# Alpine 7909 Service Manual Needed



## ryanr7386 (Feb 21, 2011)

Can anyone help? Original? PDF?


----------



## ryanr7386 (Feb 21, 2011)

Come on, someone has to have one laying around.


----------



## coomaster1 (Jul 22, 2010)

Hi, I know of a guy that has an original service manual. He would be willing to make a copy of it,but he will only deal for 5 or 6 alpine 3544 amp remote turn on wires with the plastic clip.Pretty sure alpine 3543 clips would be the same.Mabe other models of alpine remote wire plastic clips would work for the alpine 3544 amplifier.As long as they snap into the alpine 3544 amps he said he would part with a copy of the alpine 7909 service manual.


----------



## elvis74 (Jun 9, 2009)

ALPINE 7909L Service Manual free download, schematics, eeprom, repair info for electronics

mabe is good ....


----------



## daveds50 (Jun 10, 2011)

ryanr7386 said:


> Can anyone help? Original? PDF?


 what do you need to know ? I've worked on quite a few of these over the years.


----------



## ryanr7386 (Feb 21, 2011)

coomaster1 said:


> Hi, I know of a guy that has an original service manual. He would be willing to make a copy of it,but he will only deal for 5 or 6 alpine 3544 amp remote turn on wires with the plastic clip.Pretty sure alpine 3543 clips would be the same.Mabe other models of alpine remote wire plastic clips would work for the alpine 3544 amplifier.As long as they snap into the alpine 3544 amps he said he would part with a copy of the alpine 7909 service manual.


I can't give them up but can give him a couple Golden Rooster eggs. 

Thanks though


----------



## ryanr7386 (Feb 21, 2011)

daveds50 said:


> what do you need to know ? I've worked on quite a few of these over the years.

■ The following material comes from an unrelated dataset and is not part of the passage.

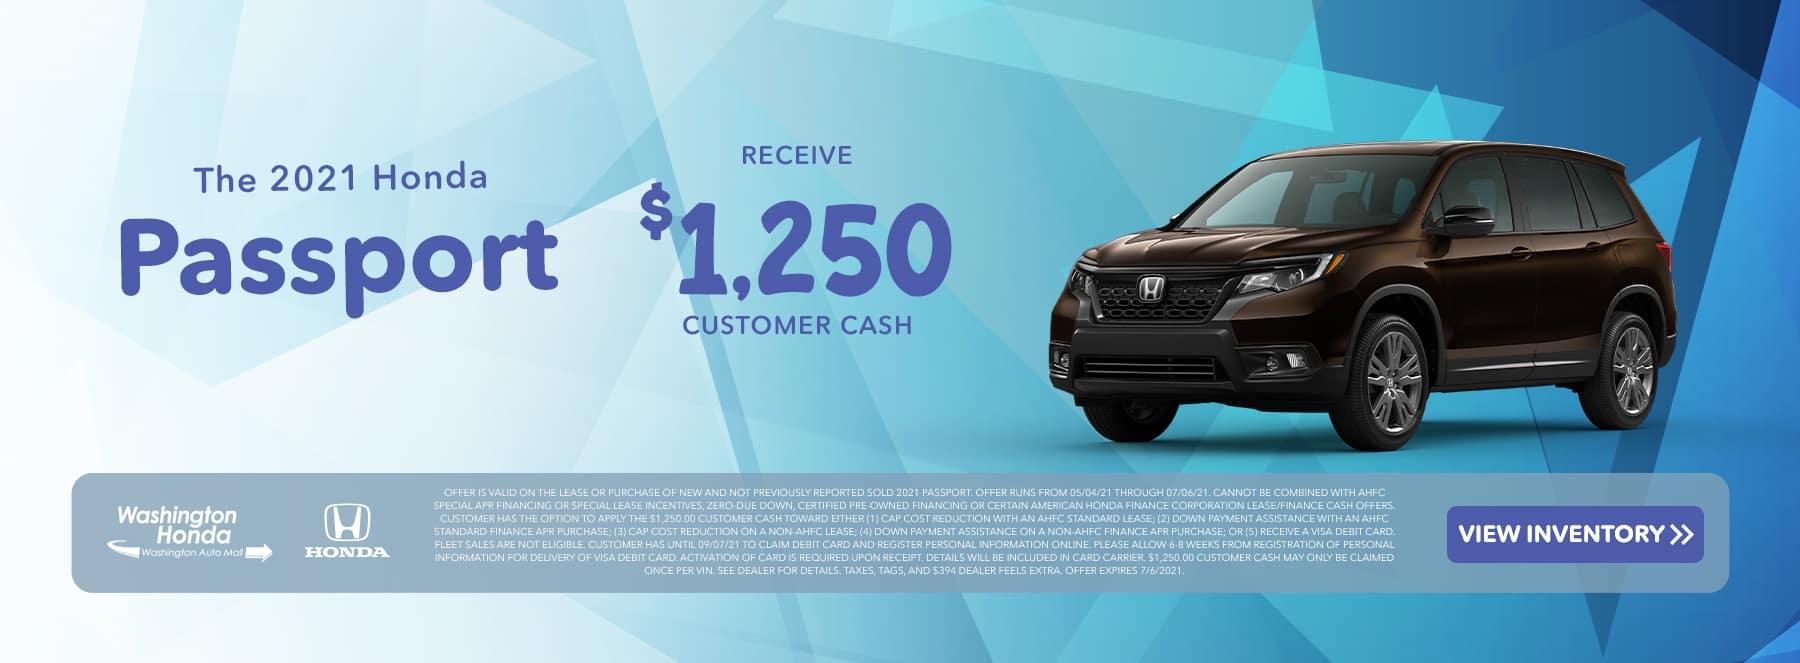 The 2021 Honda Passport Receive $1,250 Customer Cash

I need a complete copy or an original. Mainly need the PC board, Audio board schematics and the electrical parts list! Basically the whole damn thing!


----------



## daveds50 (Jun 10, 2011)

ryanr7386 said:


> I need a complete copy or an original. Mainly need the PC board, Audio board schematics and the electrical parts list! Basically the whole damn thing!


 oh, ok. i thought you had a problem with it. 

i have a schematic... but it is in my brain, and cant seem to figure out how to scan it.  guess thats what happens when you have worked on so many of those things. they are super simple, so no schematic is really needed.


----------



## ryanr7386 (Feb 21, 2011)

daveds50 said:


> oh, ok. i thought you had a problem with it.
> 
> i have a schematic... but it is in my brain, and cant seem to figure out how to scan it.  guess thats what happens when you have worked on so many of those things. they are super simple, so no schematic is really needed.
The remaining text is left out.